> **Exercise**:
Please write out the listing exactly, leaving each picture out.

> **Data extract**:
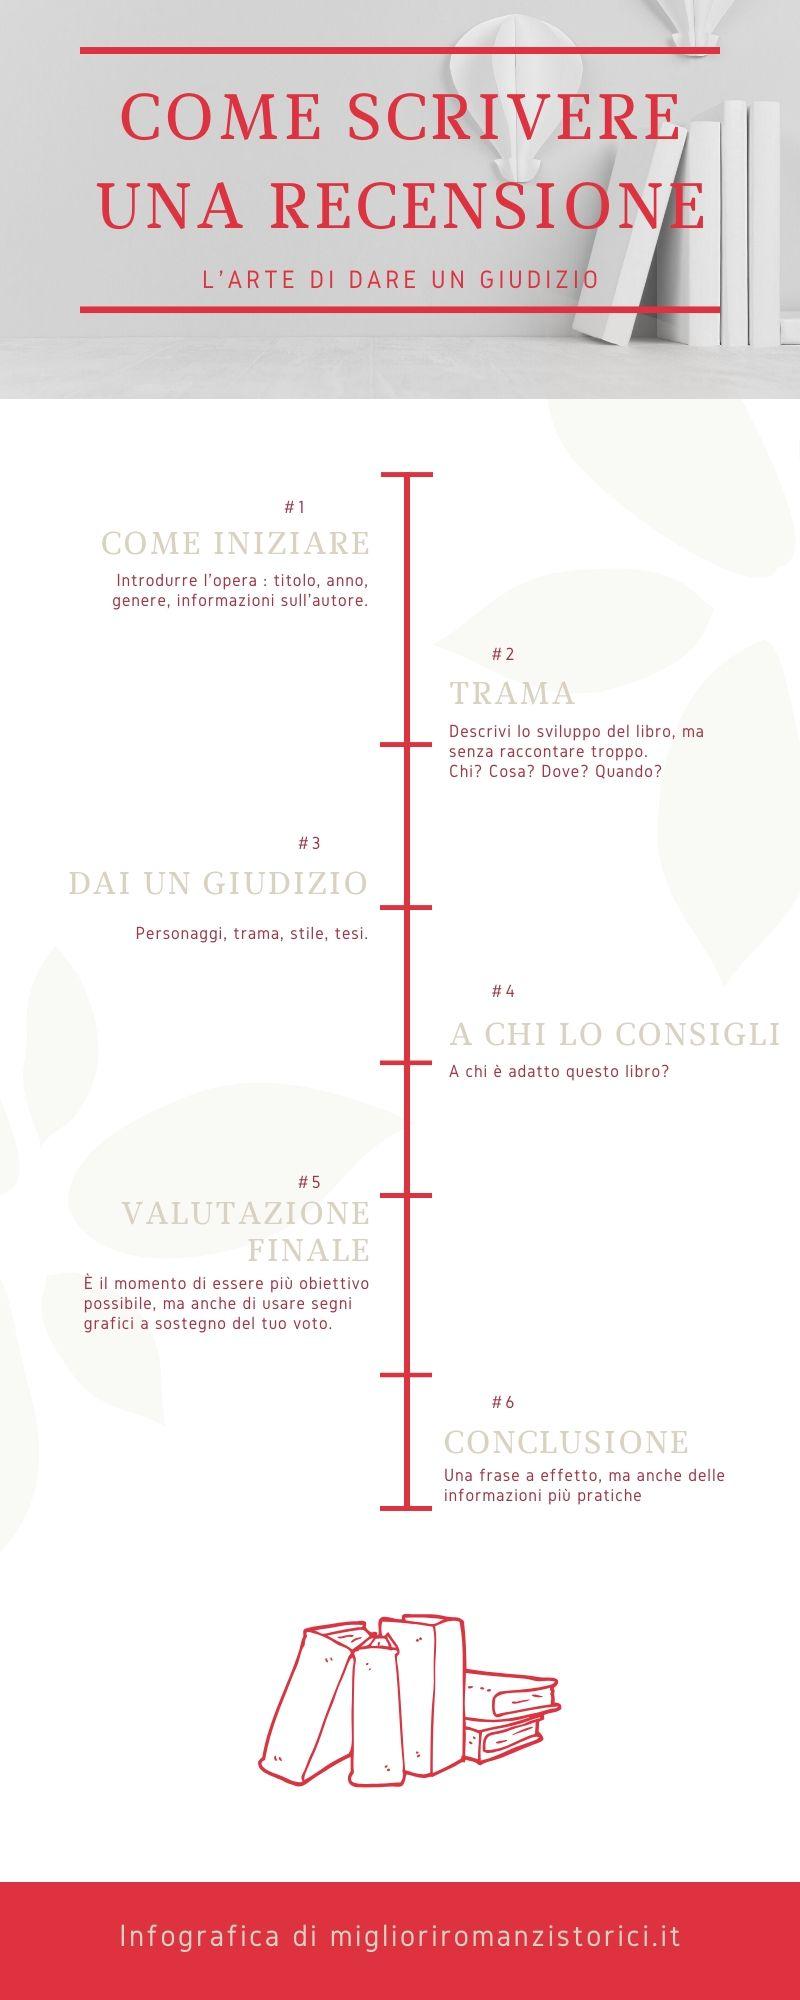 infografica su come scrivere la recensione di un libro
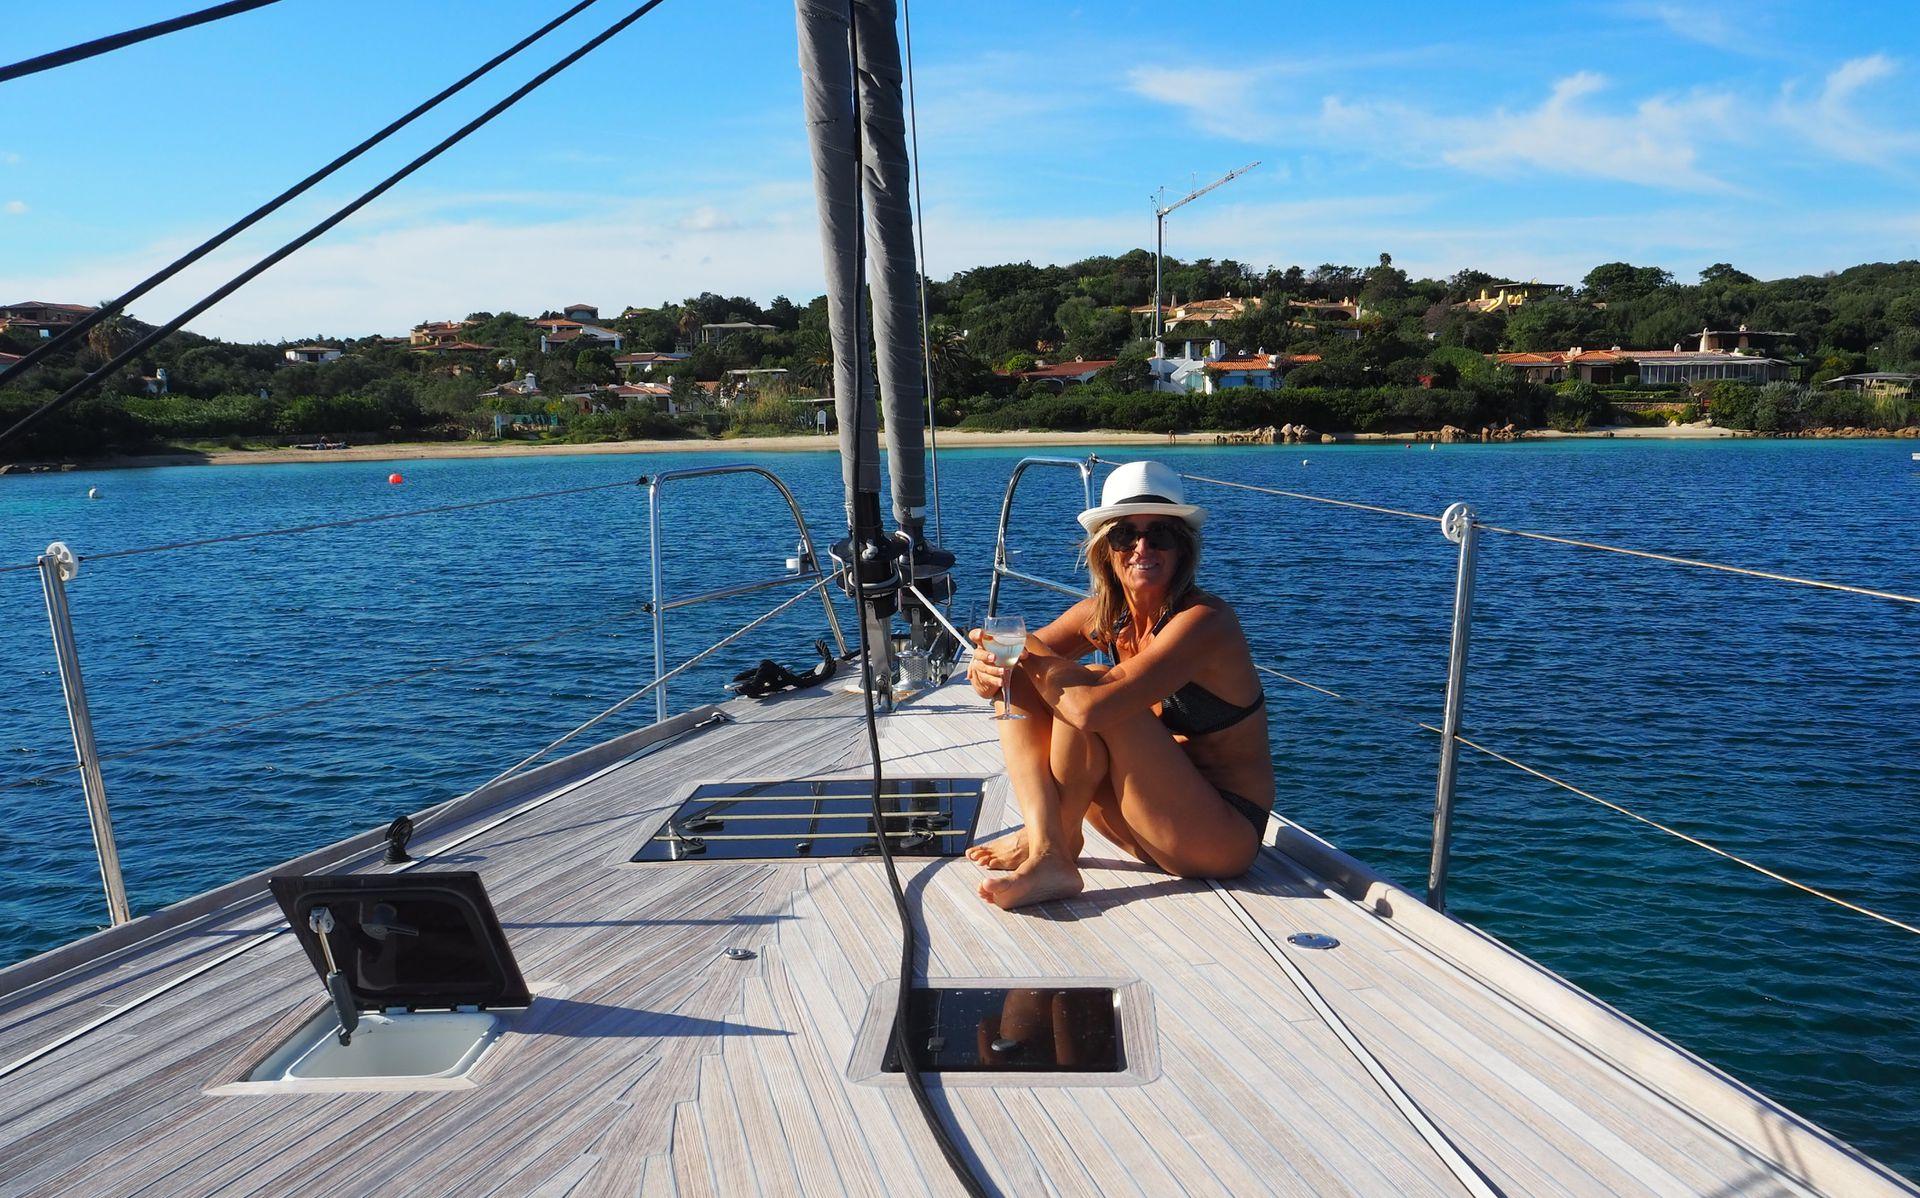 Mercedes Bédère dice que navega desde que tiene memoria. En Buenos Aires lo hizo en el Río de la Plata. Hoy recorre el mundo en un barco junto a su marido.
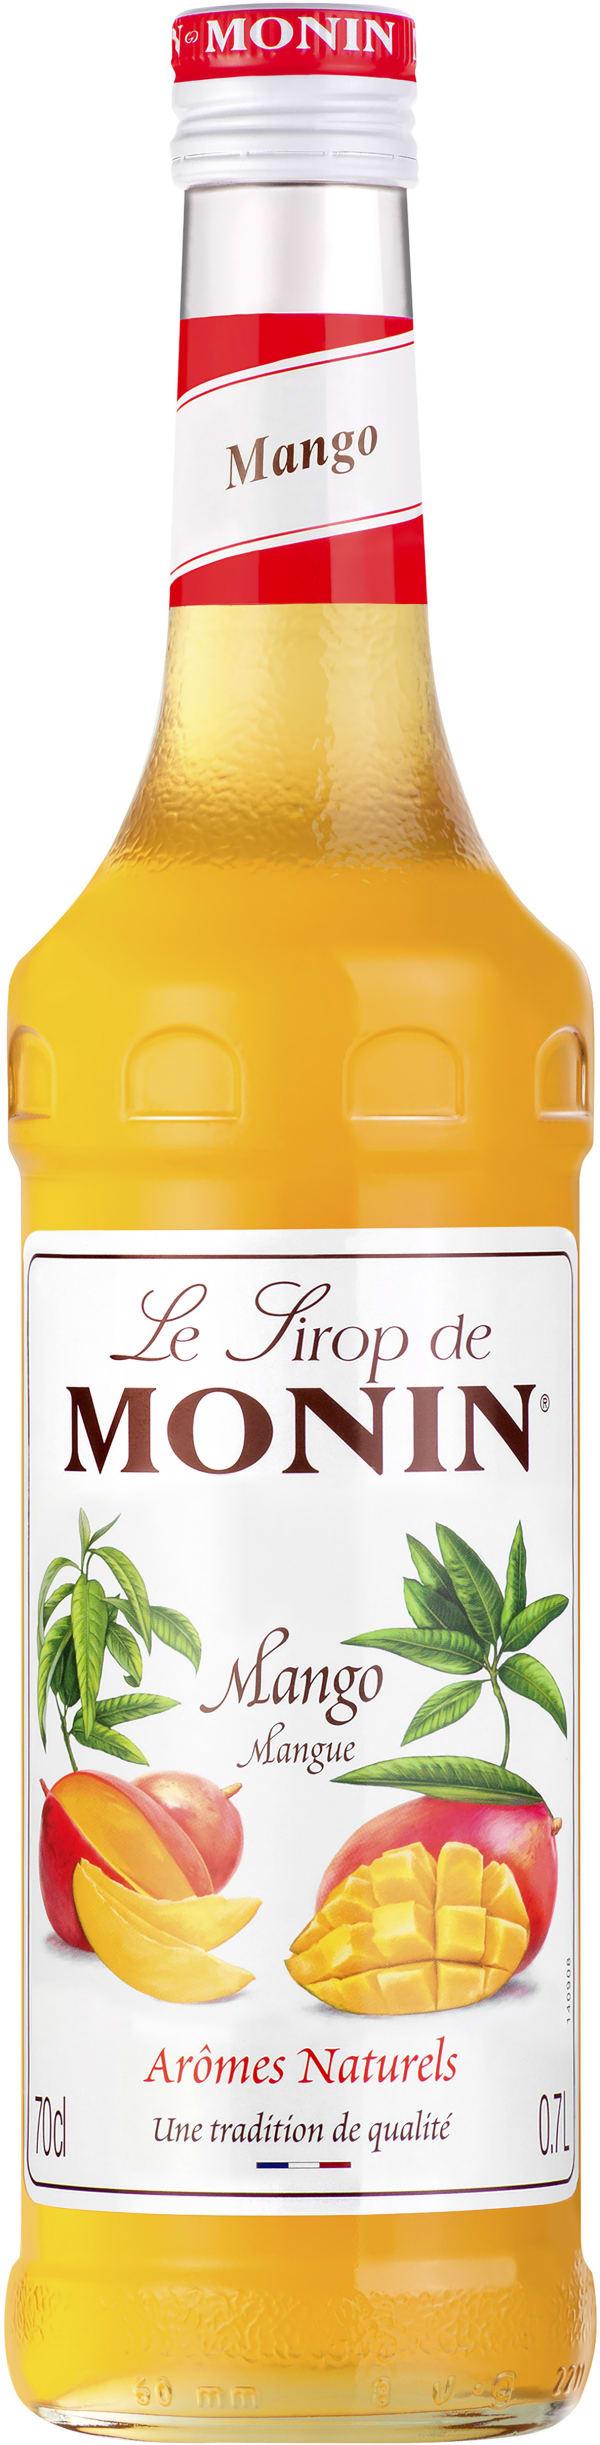 Le Sirop de Monin Mango
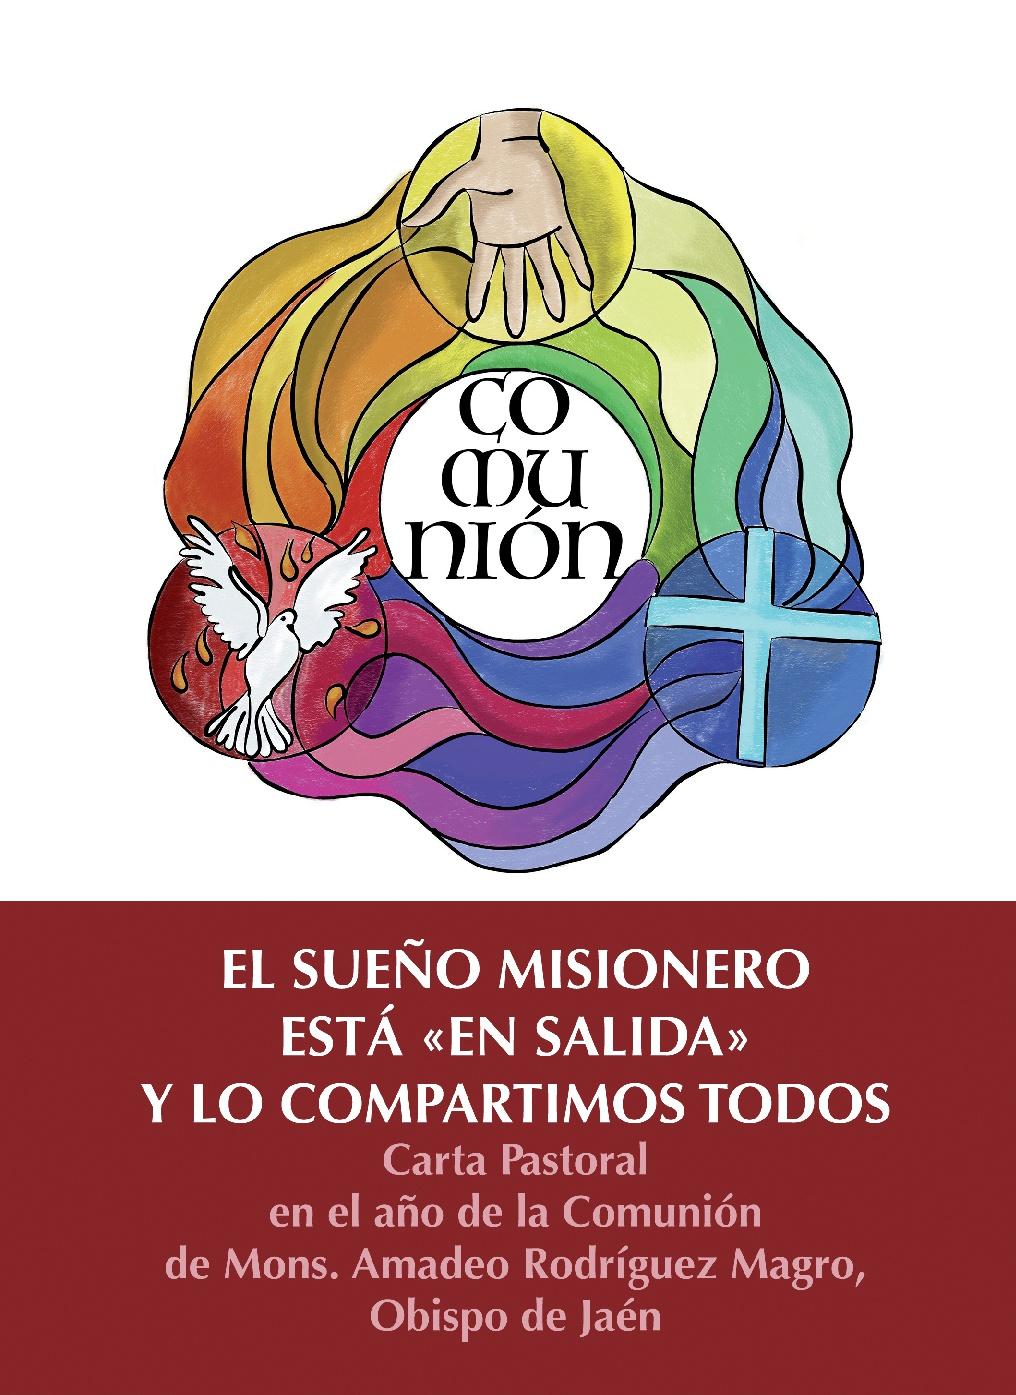 CARTA PASTORAL DEL OBISPO EN EL AÑO DE LA COMUNIÓN

> **Response for this exercise**:
 infografica su come scrivere la recensione di un libro
 Mercedes Bédère dice que navega desde que tiene memoria. En Buenos Aires lo hizo en el Río de la Plata. Hoy recorre el mundo en un barco junto a su marido.
 Le Sirop de Monin Mango
 CARTA PASTORAL DEL OBISPO EN EL AÑO DE LA COMUNIÓN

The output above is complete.